Common causes of third party liability losses can be traced back to inadequate contracts signed by restaurant management with their vendors. Even with legal counsel involvement, it is common to miss the fine print in the insurance language that ties the two parties together. Your insurance advisor should be reviewing your contracts to ensure that your liability is contractually transferred to the hired vendor for damages they cause.
Contractual risk transfer is a way to share the risk so that restaurateurs are not left paying a claim for a problem caused by one of their vendors. It promotes a more equitable shouldering of the risk so that those responsible for it bear it. While procuring insurance for the business is a very common and straightforward way to contractually transfer the financial burden of risk, insurance alone is not enough to properly protect your interests.
Knowing about this sort of indemnification is one thing but understanding the nuances is another. Restaurant owners and managers should be wary of options that might be offered up under the guise of contractual risk transfer that can present significant exposure to the business.
Here are three of the most common so you know to avoid them:
Certificates of Insurance: Too many are fooled into thinking a Certificate of Insurance (COI) is a form of risk transfer. But it really is only a document that serves as a “snapshot in time,” showing insurance coverage. Here are some of the problems with trusting it:
- It’s too easy to create fraudulent COIs with today’s technology,
- The policy that the COI certifies could be cancelled tomorrow,
- If there is no additional insured endorsement, the certificate holder does not have to be notified of policy cancellation.
Even if the COI is accurate, as many are, the underlying policies could have severely limiting exclusions. As some unethical vendors and insurance brokers have been known to buy such policies to reduce costs, it’s smart to ask for the actual policies to review. And some insurers are known for selling such bare bones policies that exclude the most significant exposures.
Additional Insured Endorsements: When a COI is issued, an Additional Insured Endorsement (AI) adds a layer of protection as it affords the certificate holder coverage under the policy, albeit with restrictions.
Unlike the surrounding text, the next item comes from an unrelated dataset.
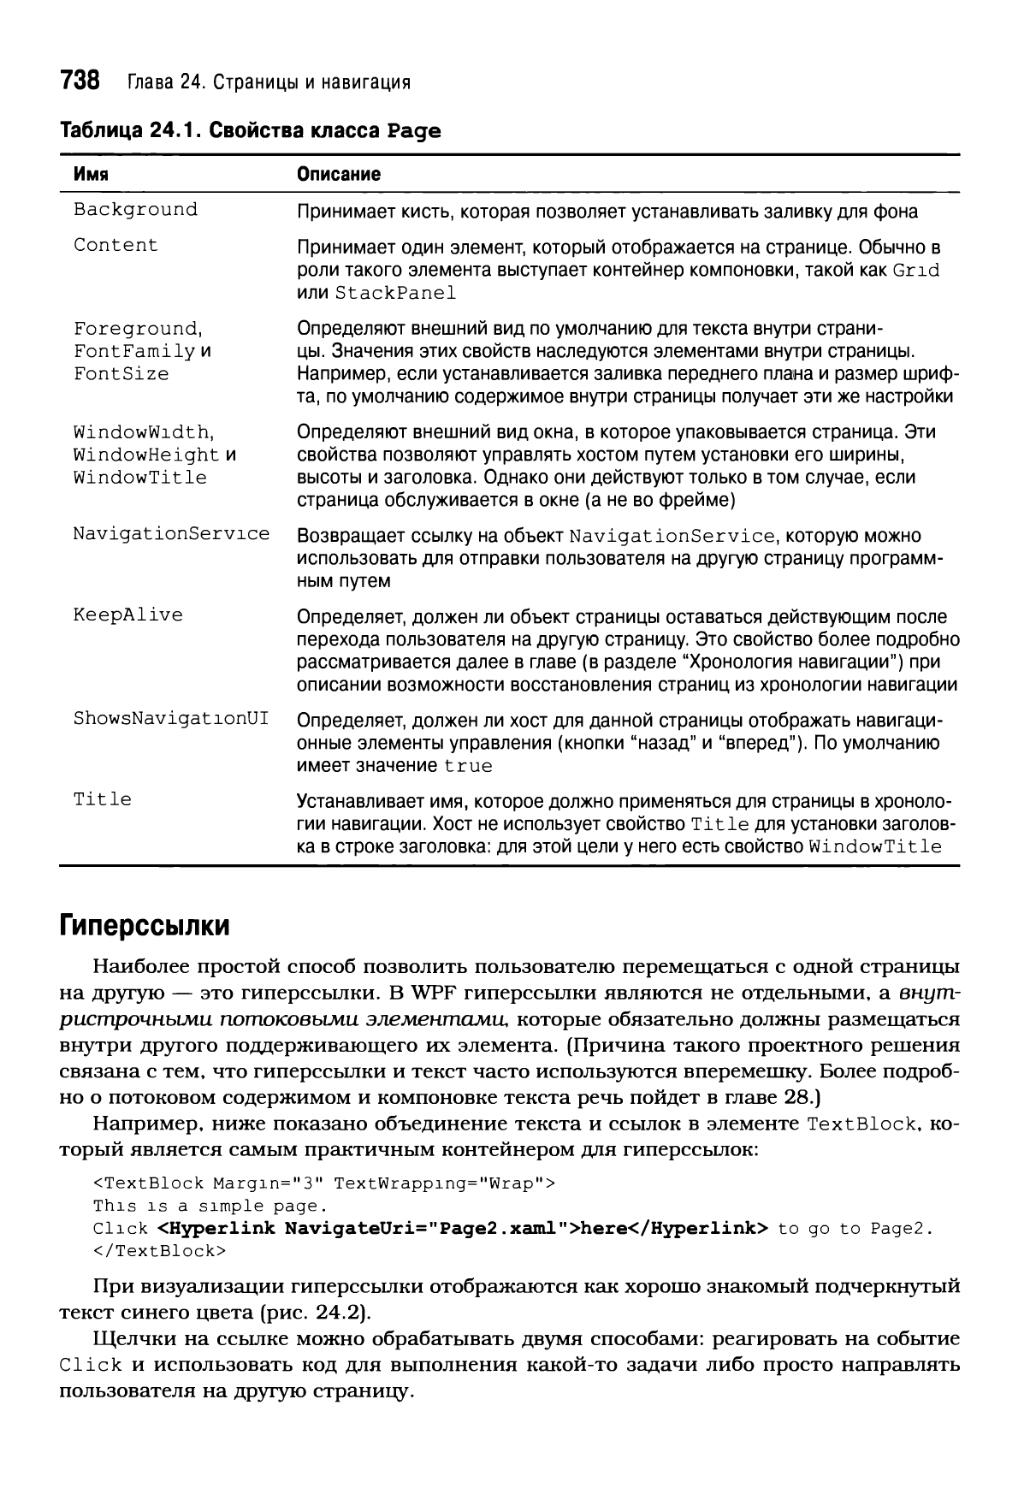 Класс Page

Despite a benefit in that it provides written notification if the policy’s cancelled, the AI has pitfalls to be aware of. The biggest:
- It may not be enforceable if there is no written contract.
- The AI is worthless if claims aren’t covered due to exclusions in the underlying policy.
- Even if the AI functions as intended, a vendor’s limits may be inadequate for the full extent of the loss.
Written Contracts: A written contract can provide significant protections, beyond insurance, but contracts are not without their own limitations. Consider the issues:
- It may not include insurance provisions, or the insurance provisions provided may not be adequate for some types of work.
- Many written agreements lack an indemnification clause (also known as a hold harmless agreement). This is important to prevent the other party from taking legal action against you for something that party caused.
- It may be deemed unenforceable in a court of law. The written contract is in a stronger position if accompanied by a COI and an AI.
Your contractual risk transfer practices are critical to protect business from liabilities that you didn’t cause. Your best practice is to not go at it alone. Your insurance advisor plays a critical role in helping you manage your exposures. Even more critical is to have a legal counsel with expertise in the restaurant industry and legal precedents locally.